Problem: In the records below, find the line containing "Box Culverts Structural" and the line containing "kleio peach-coloured structured sling bag". Give again exactly those lines and every line between them, omitting the pictures.

Data section:
————————
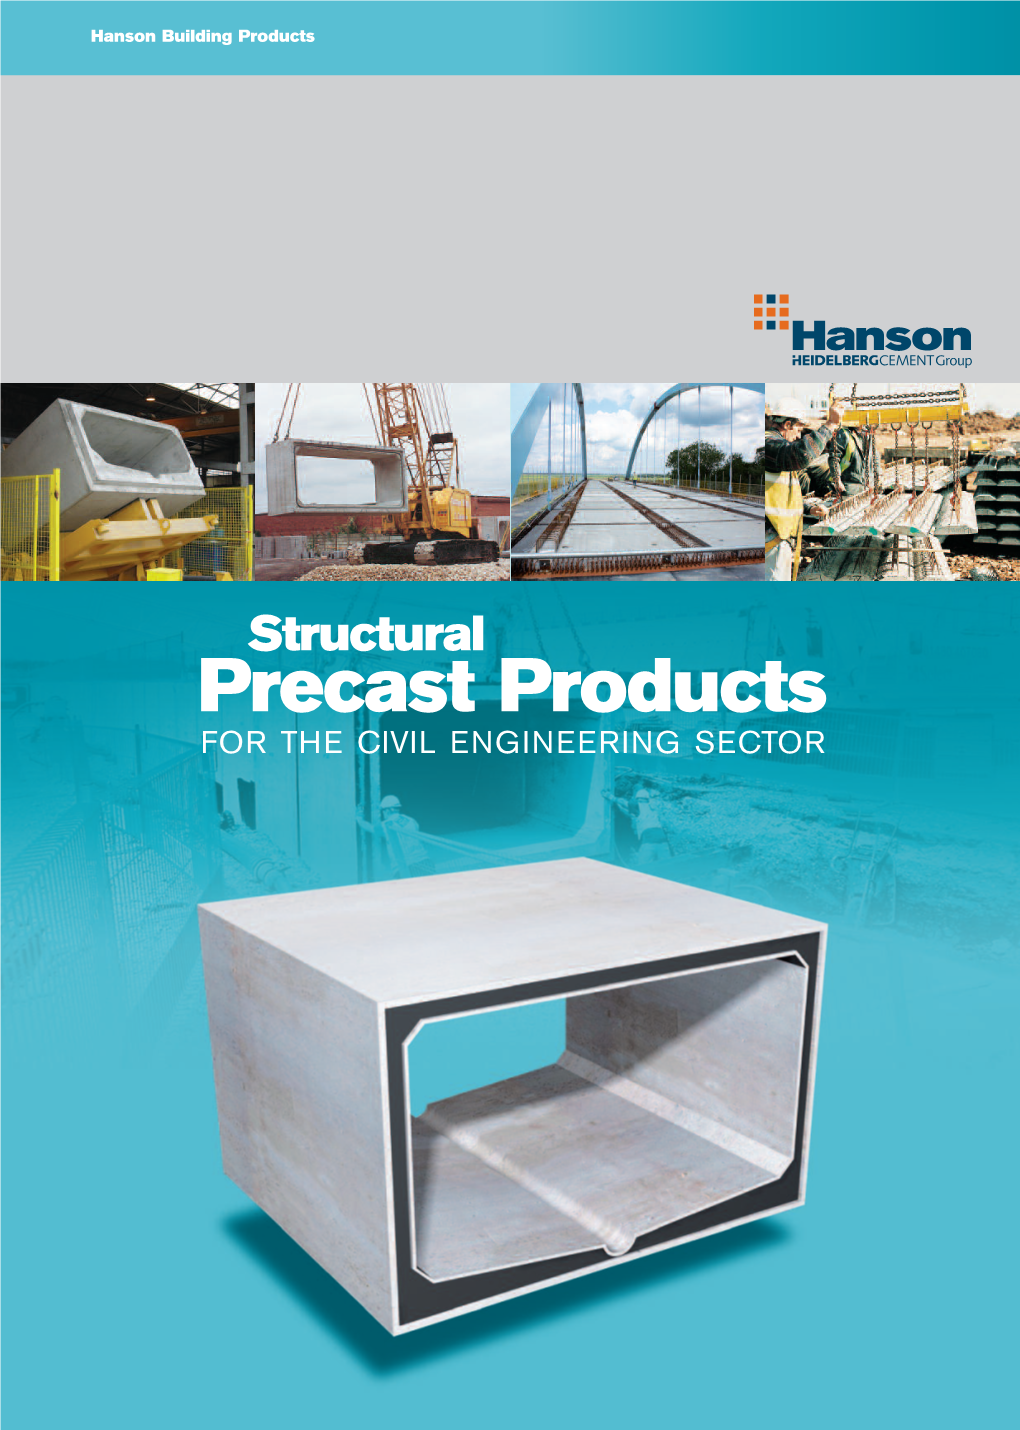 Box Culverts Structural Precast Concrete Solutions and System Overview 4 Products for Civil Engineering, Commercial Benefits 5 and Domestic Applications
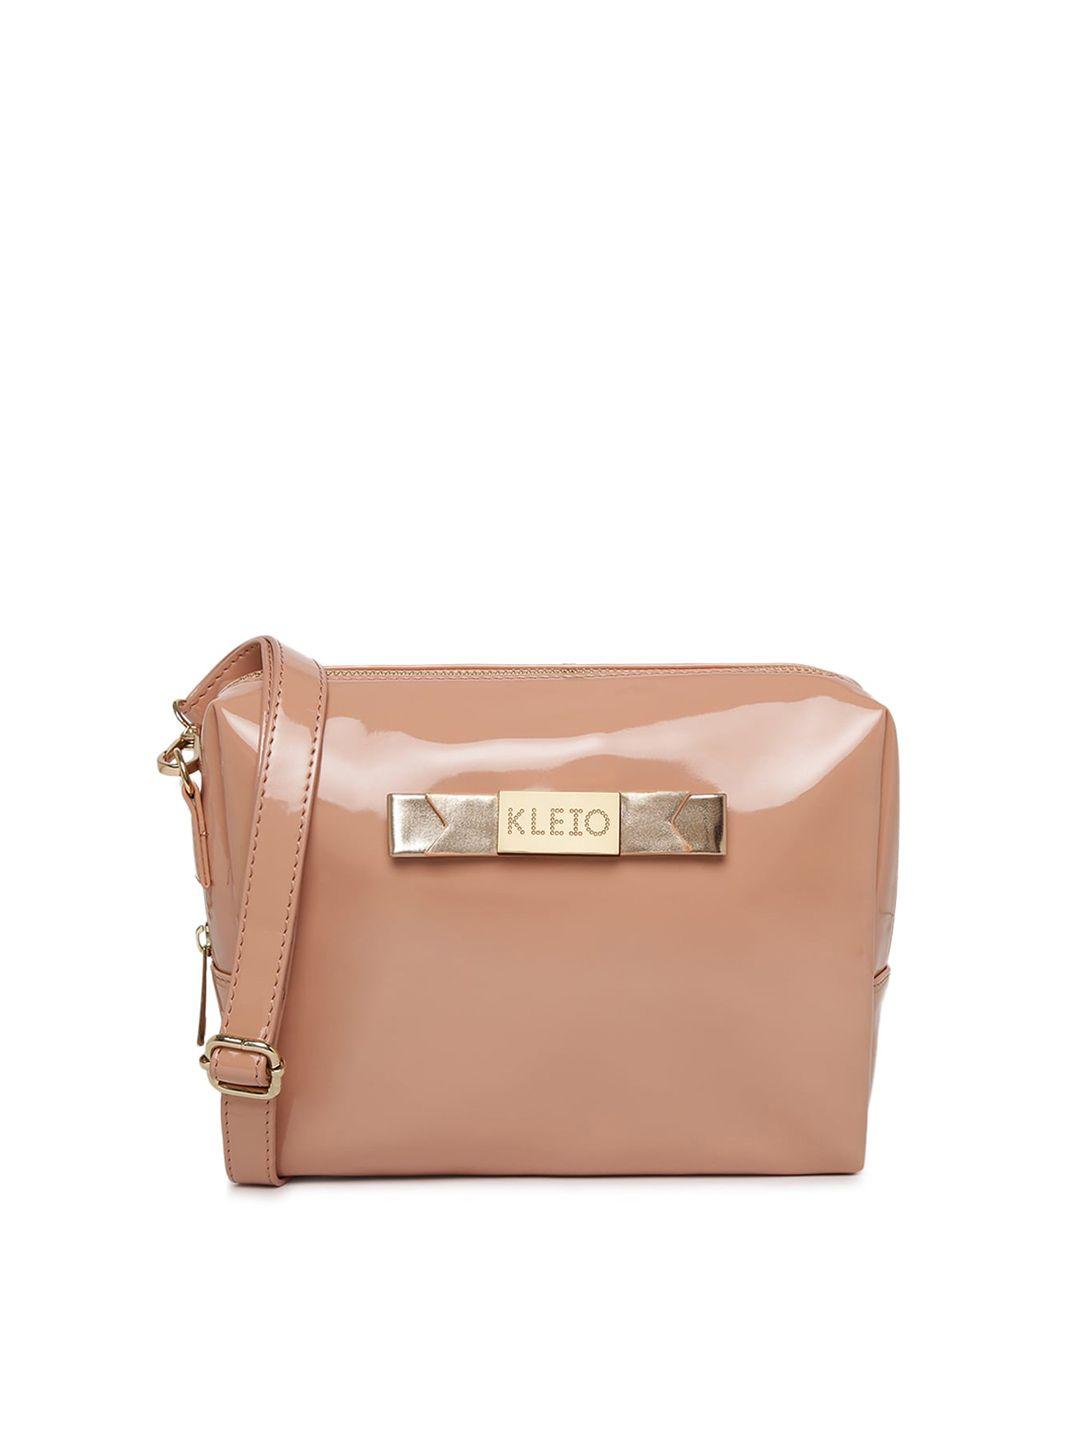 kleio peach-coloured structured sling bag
————————
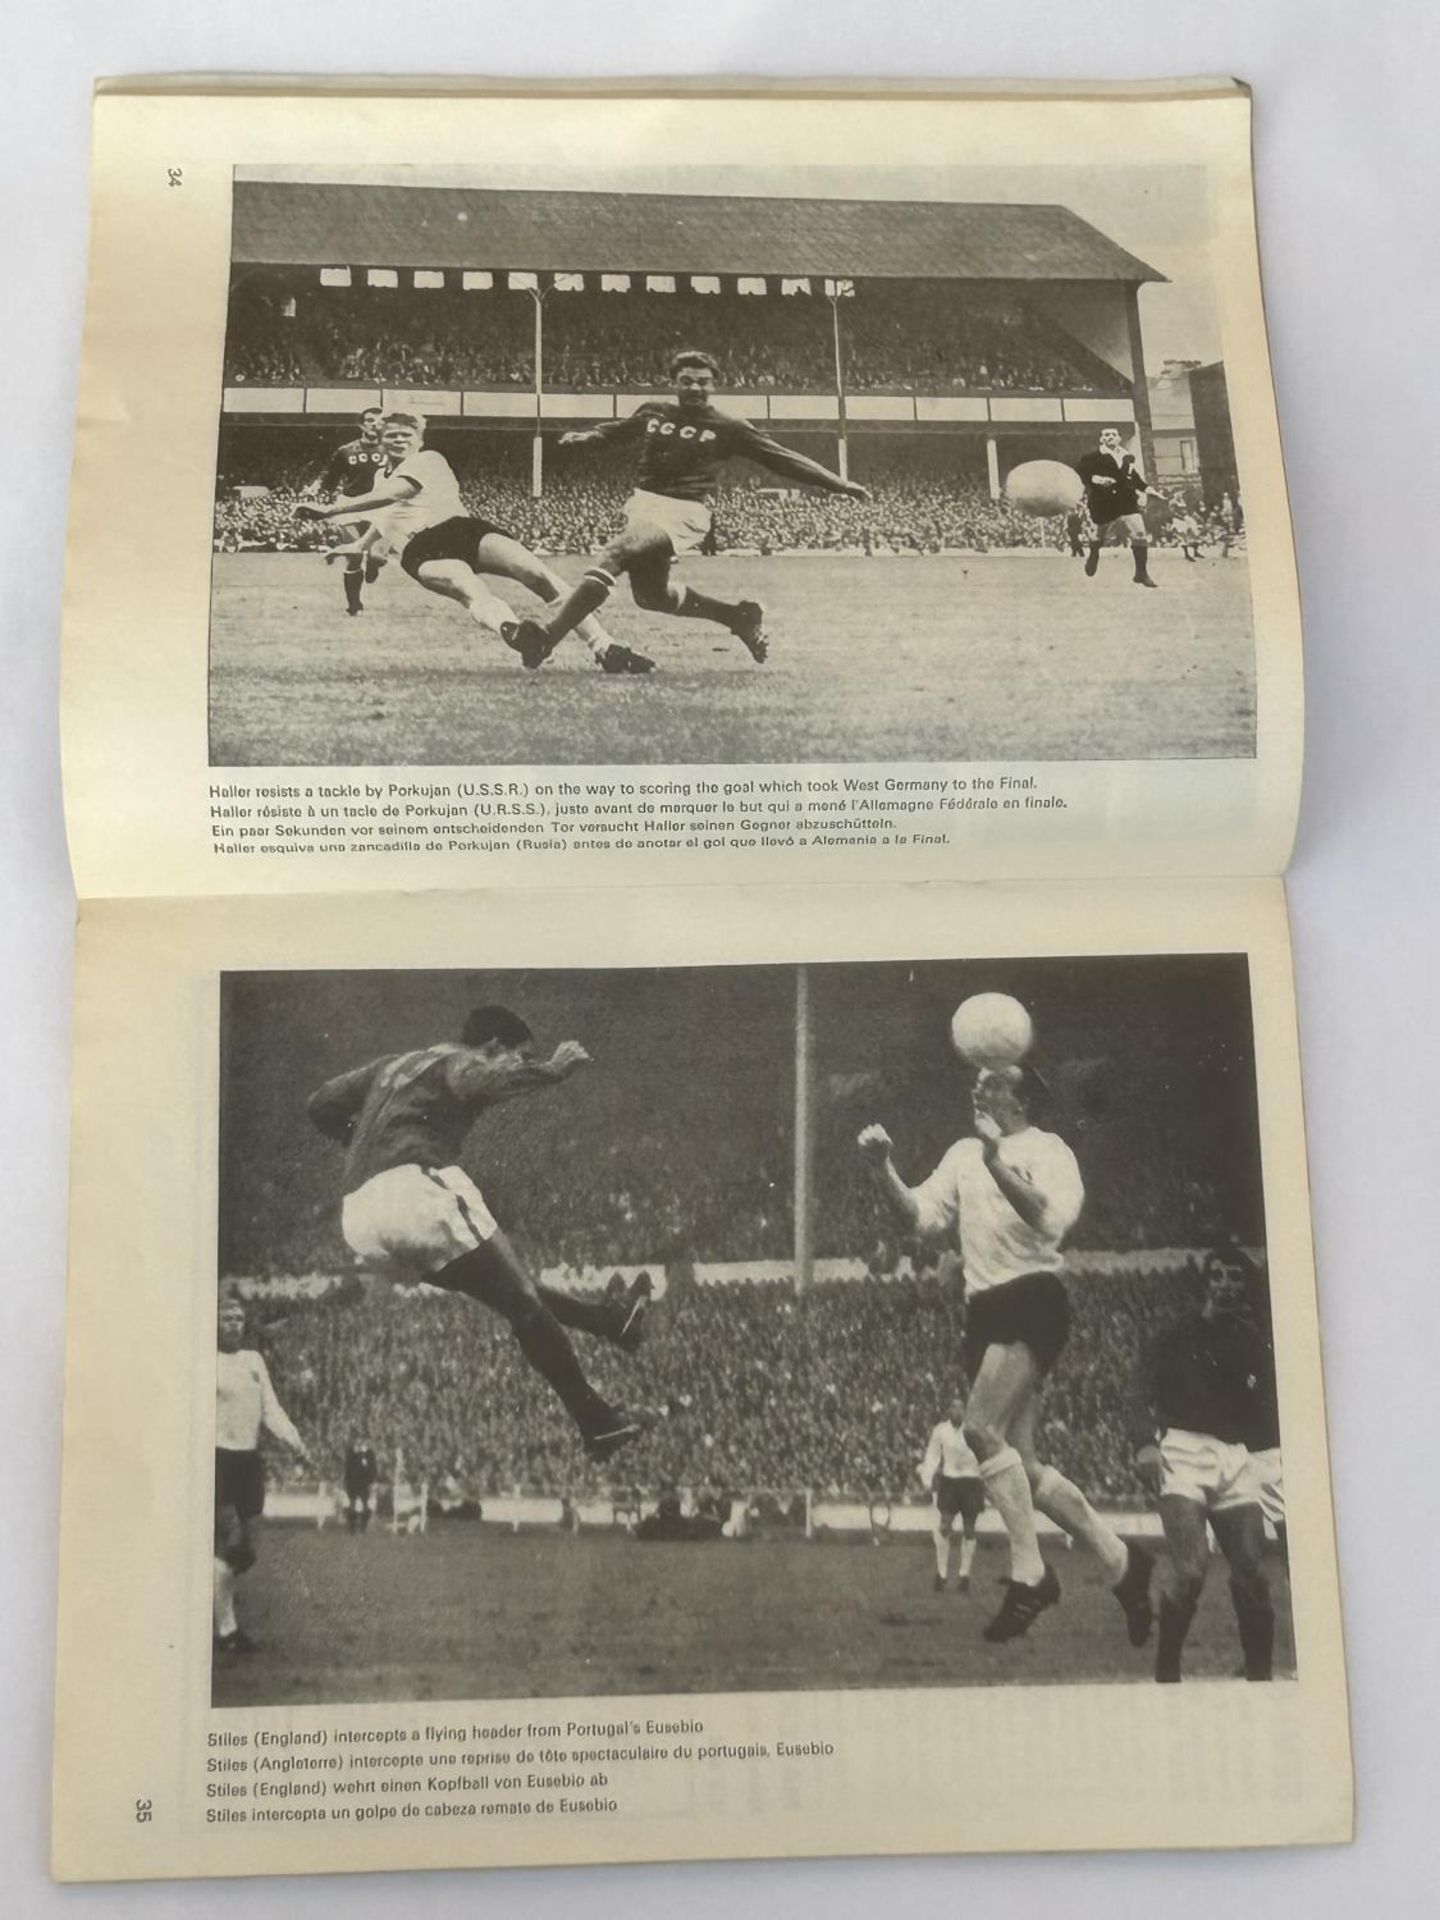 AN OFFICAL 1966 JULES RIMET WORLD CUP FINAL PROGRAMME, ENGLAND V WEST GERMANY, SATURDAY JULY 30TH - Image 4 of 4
————————
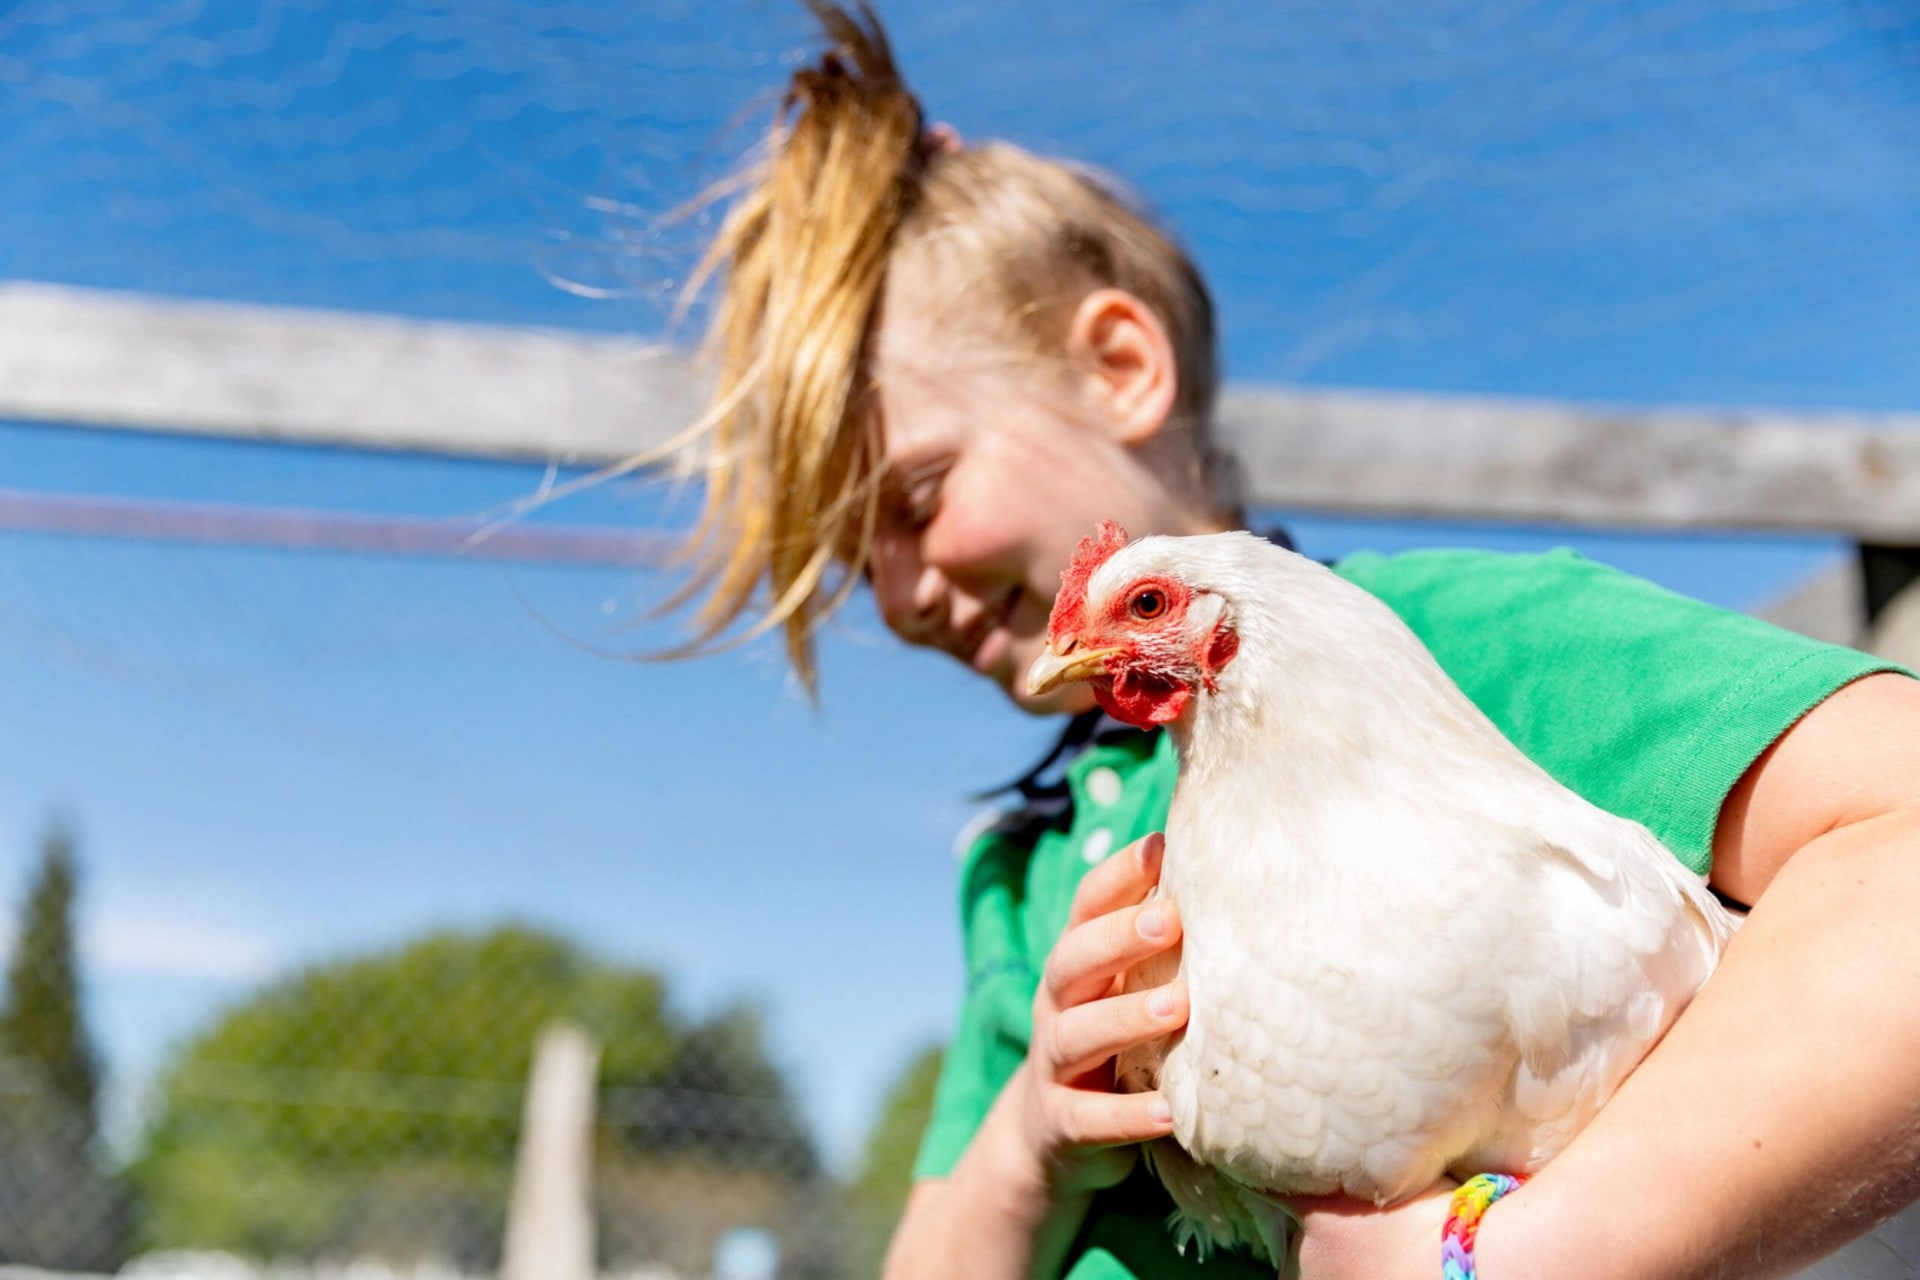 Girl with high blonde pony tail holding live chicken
————————
Completed exercise:
 Box Culverts Structural Precast Concrete Solutions and System Overview 4 Products for Civil Engineering, Commercial Benefits 5 and Domestic Applications
 kleio peach-coloured structured sling bag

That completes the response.